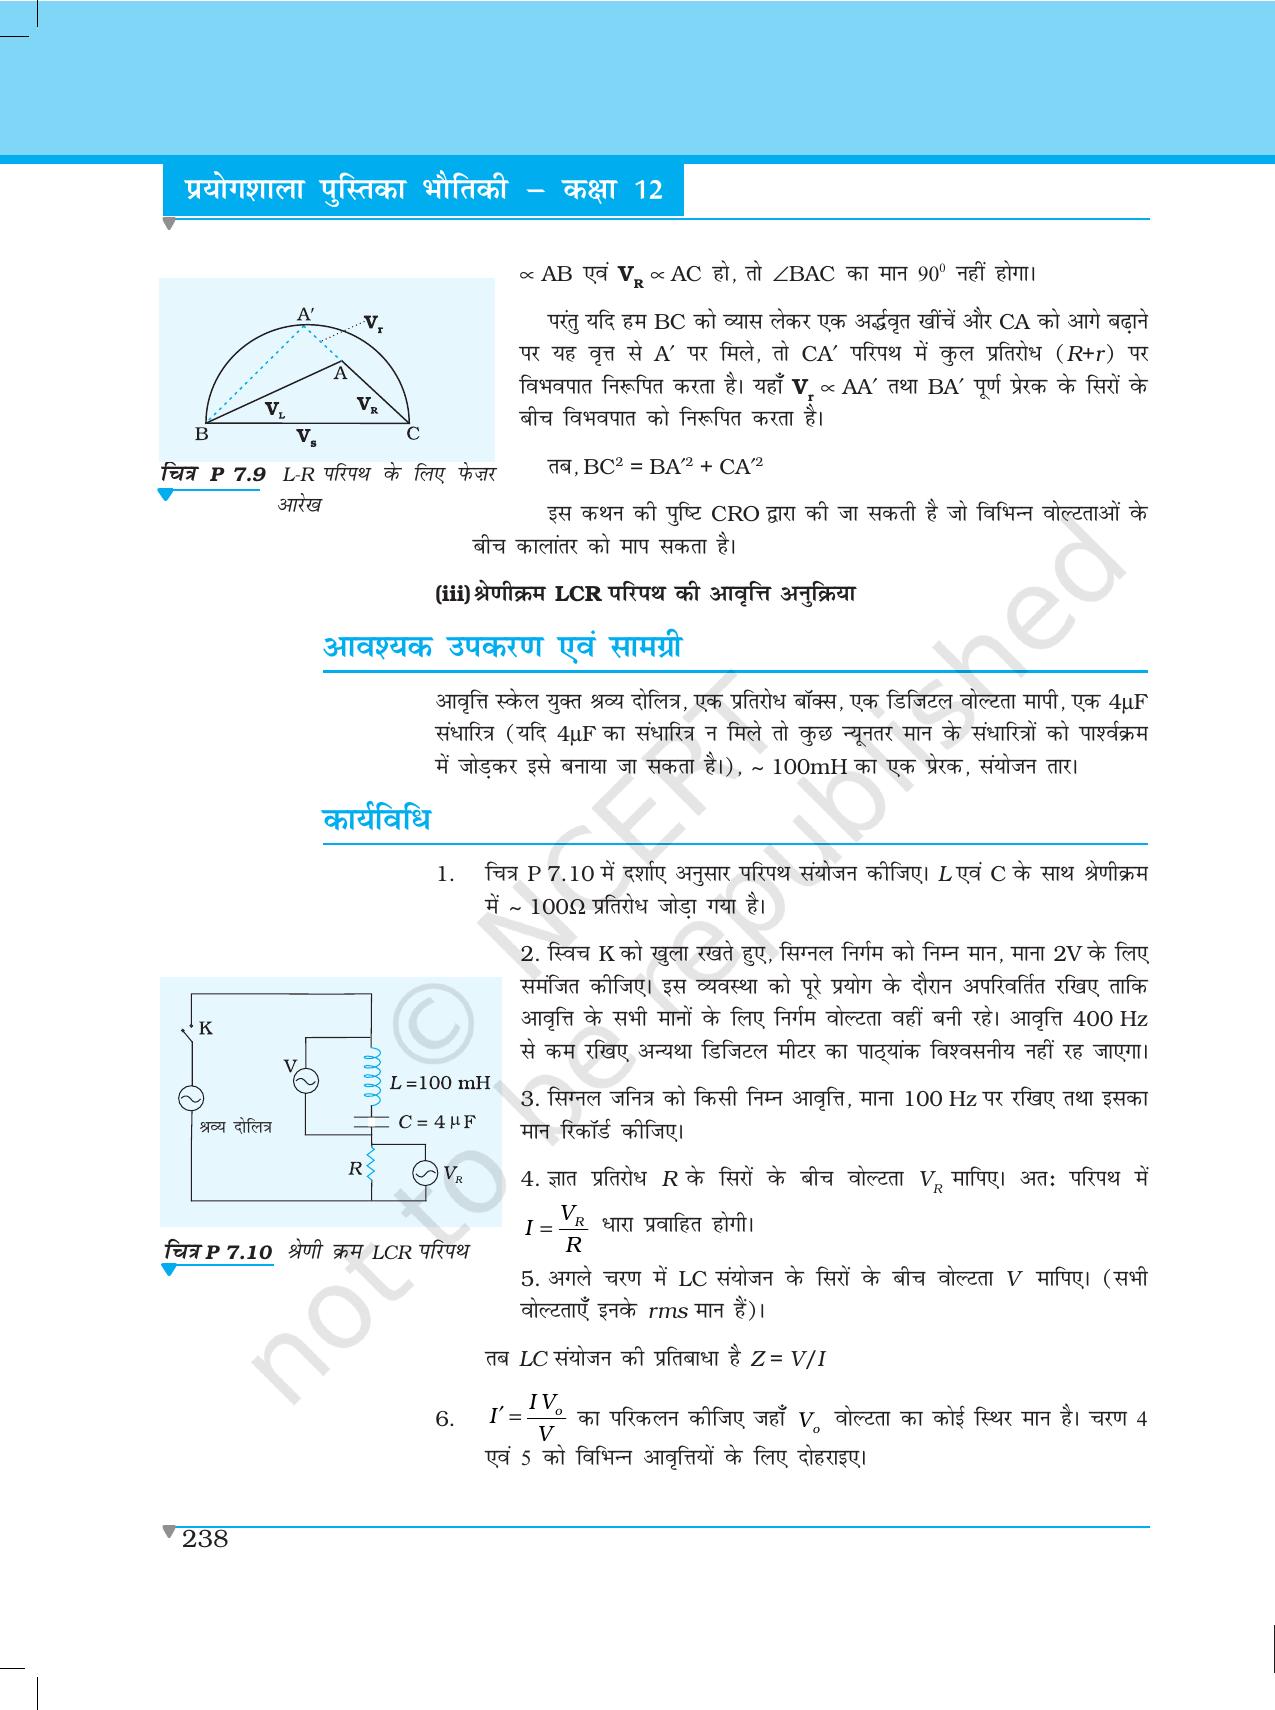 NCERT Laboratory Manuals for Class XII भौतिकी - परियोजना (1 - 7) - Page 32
---
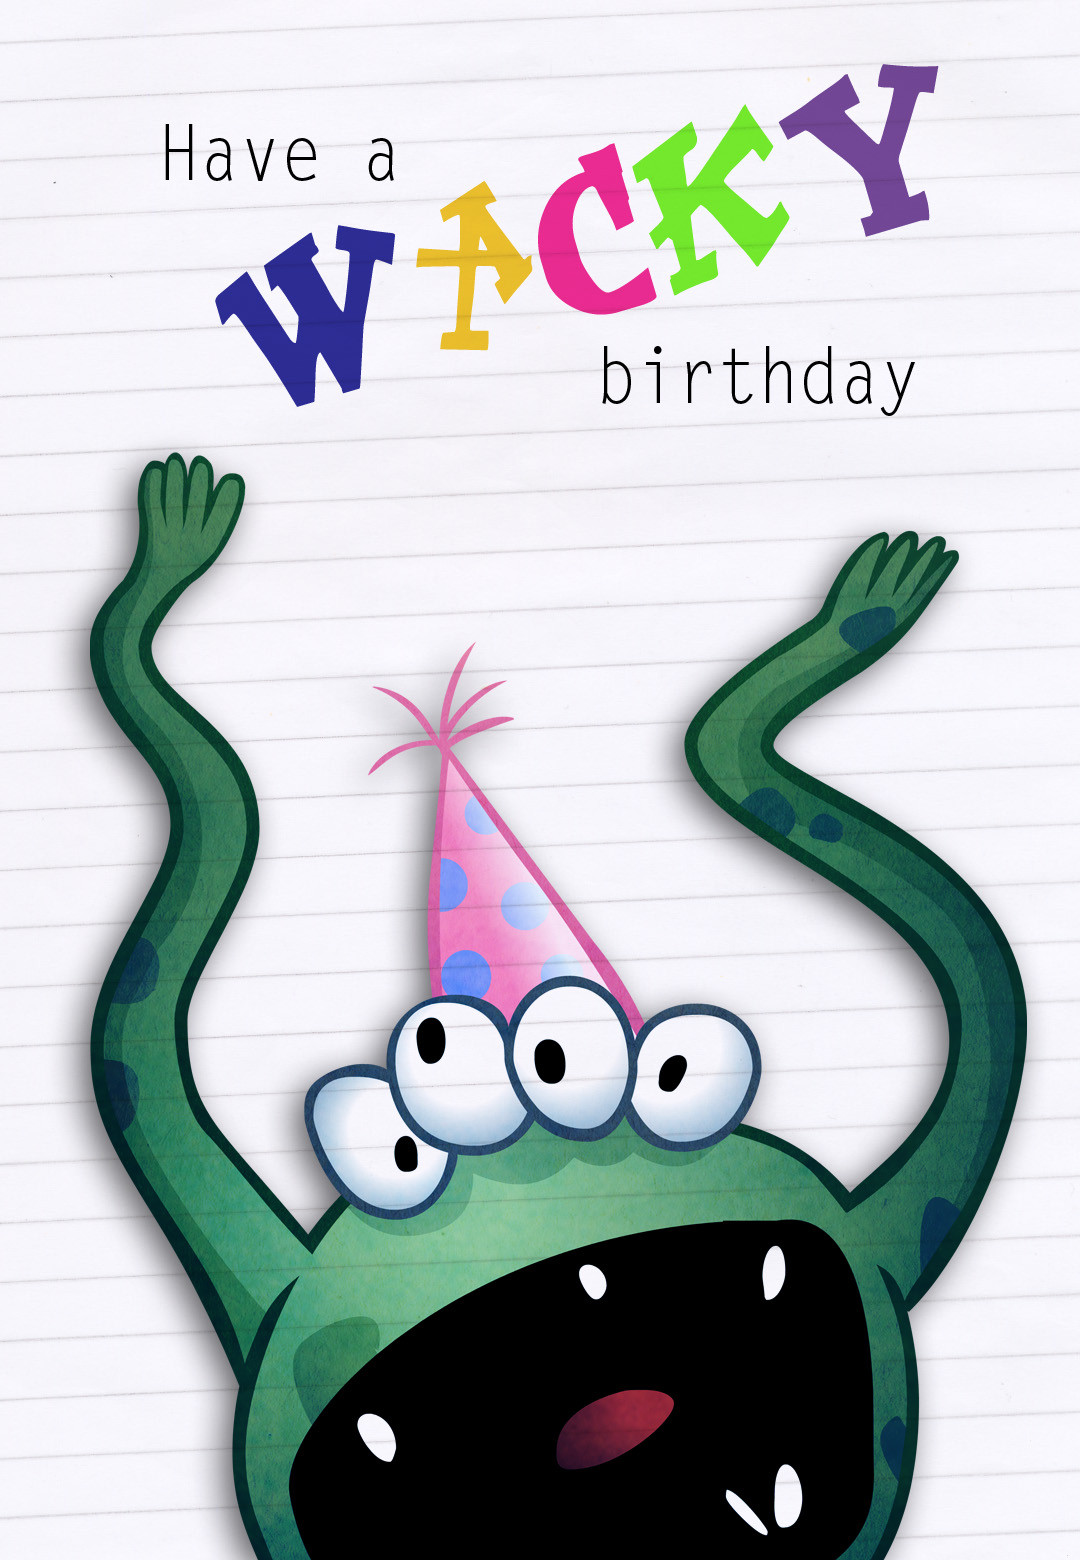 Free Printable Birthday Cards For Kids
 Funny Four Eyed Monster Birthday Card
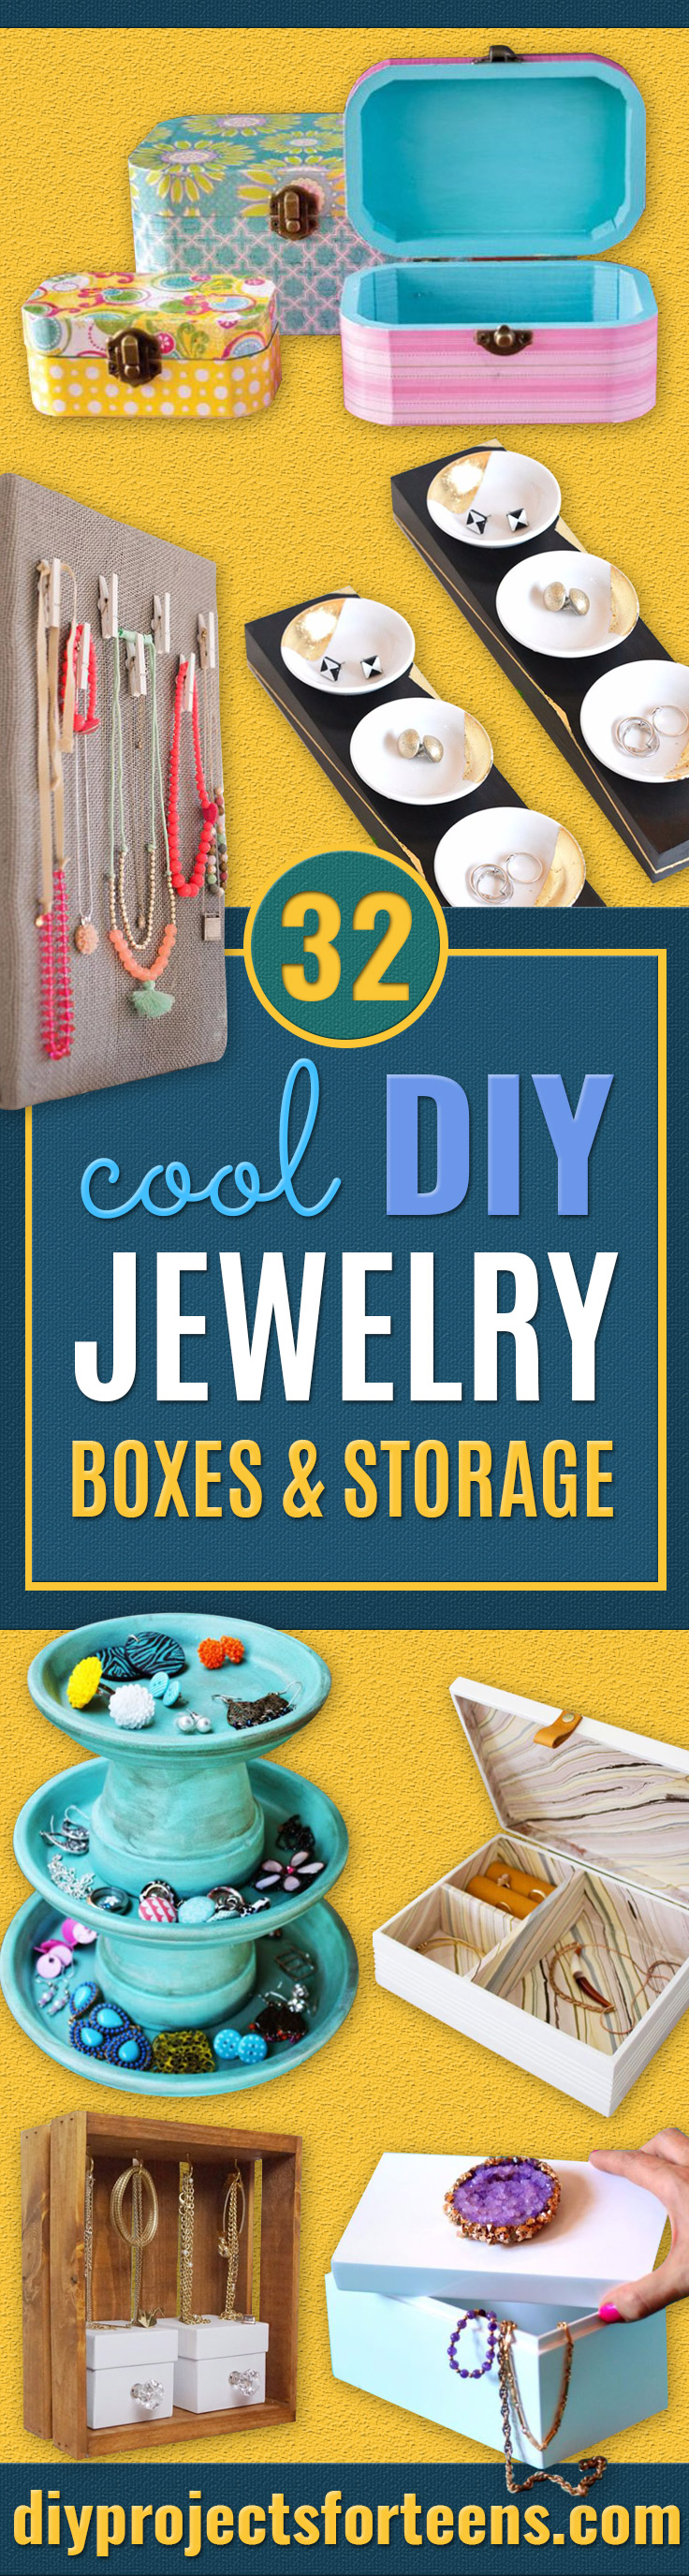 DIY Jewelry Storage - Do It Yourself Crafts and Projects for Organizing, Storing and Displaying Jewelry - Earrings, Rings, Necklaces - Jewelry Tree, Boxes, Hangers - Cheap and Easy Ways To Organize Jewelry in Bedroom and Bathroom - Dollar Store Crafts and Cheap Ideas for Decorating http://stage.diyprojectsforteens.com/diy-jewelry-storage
* * *
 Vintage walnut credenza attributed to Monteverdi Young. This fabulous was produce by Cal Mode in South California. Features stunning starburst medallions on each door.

(EXERCISE GOAL): Please copy the lines above exactly, starting at the line that holds "Free Printable Birthday Cards For Kids" and ending at the line that holds "DIY Jewelry Storage"; include both, but no pictures.

(EXPECTED OUTPUT):
 Free Printable Birthday Cards For Kids
 Funny Four Eyed Monster Birthday Card
 DIY Jewelry Storage - Do It Yourself Crafts and Projects for Organizing, Storing and Displaying Jewelry - Earrings, Rings, Necklaces - Jewelry Tree, Boxes, Hangers - Cheap and Easy Ways To Organize Jewelry in Bedroom and Bathroom - Dollar Store Crafts and Cheap Ideas for Decorating http://stage.diyprojectsforteens.com/diy-jewelry-storage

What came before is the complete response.